NOW, THEREFORE, in consideration of the covenants and agreements herein
contained, the parties hereto hereby agree as follows:
1. GRANT OF OPTION. The Company hereby grants to Participant an option
(this "OPTION") to purchase the total number of shares of Common Stock of the
Company set forth above as Total Option Shares (the "OPTION SHARES") at the
Exercise Price Per Share set forth above (the "EXERCISE PRICE"), subject to all
of the terms and conditions of this Agreement and the Plan. The Option shall be
outstanding commencing on the Date of Grant specified above and ending on the
Expiration Date set forth above (the "OPTION PERIOD").

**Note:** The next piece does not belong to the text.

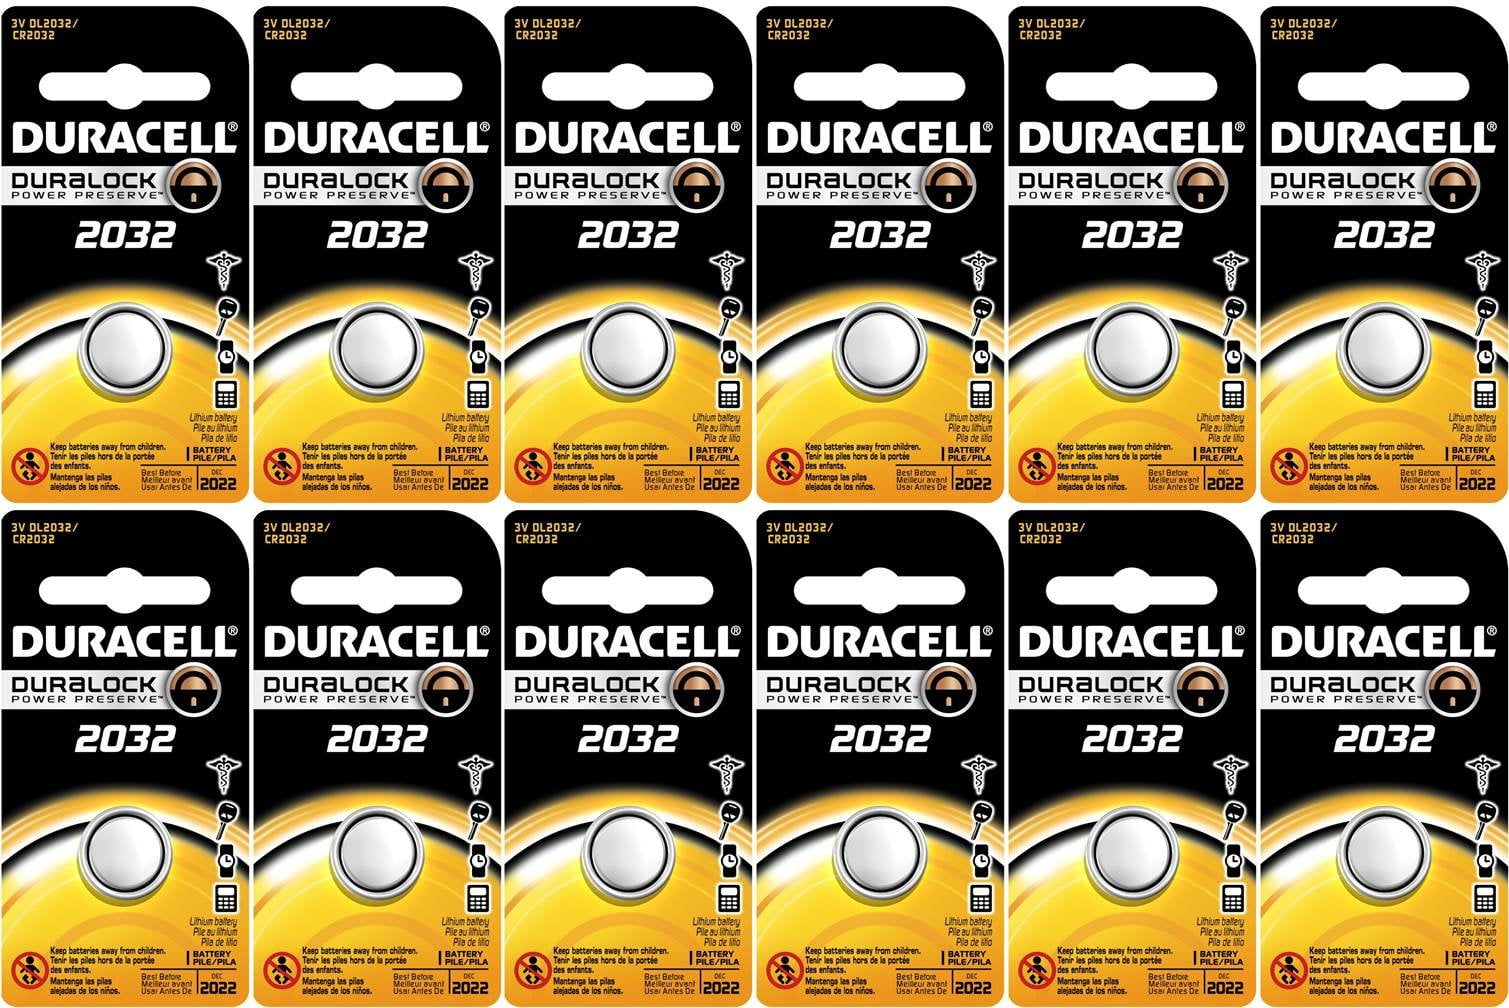 Duracell DL2032 Lithium Coin Battery, 2032 Size, 3V, 230mAh Capacity Pack  of 12

2. LIMITATION ON EXERCISE OF OPTION. Subject to the terms and conditions
set forth herein and in the Plan, the Option will become vested and exercisable
with respect to thirty-three and one-third percent (33- 1/3%) of the shares
subject to the Option on the first anniversary of the Date of Grant and as to an
additional thirty-three and one-third percent (33- 1/3%) of the shares on each
of the two subsequent anniversaries of the Date of Grant until the Option is
100% vested; provided, that, the Participant is then in Continuous Service. A
vested Option may not be exercised for less than a full share. If application of
the vesting percentage causes a fractional Share to otherwise become
exercisable, such Share shall be rounded down to the nearest whole Share for
each year except for the last year in such vesting period, at the end of which
vesting period this Option shall become exercisable for the full remainder of
the unexercised Shares subject to the Option. Upon the occurrence of a Change in
Control, the Option shall become 100% vested and exercisable; provided, that,
the Participant is then in Continuous Service. If the Participant's Continuous
Service terminates upon the death, Total and Permanent Disability or Retirement
of Participant, the Option shall become 100% vested and exercisable; provided,
that, the Participant is then in Continuous Service. The determination of
whether or not a Participant has satisfied the definition of Retirement
specified in the Plan shall be within the sole discretion of the Administrator.
3. TERMINATION OF SERVICE.
(a) If the Participant's Continuous Service is terminated for any
reason, the unvested portion of the Option shall terminate immediately and the
Participant may exercise the vested portion as provided in this Section 3.
Outstanding Options that are not exercisable at the time a Participant's
Continuous Service terminates for any reason other than Cause shall be forfeited
and expire at the close of business on the date of such termination.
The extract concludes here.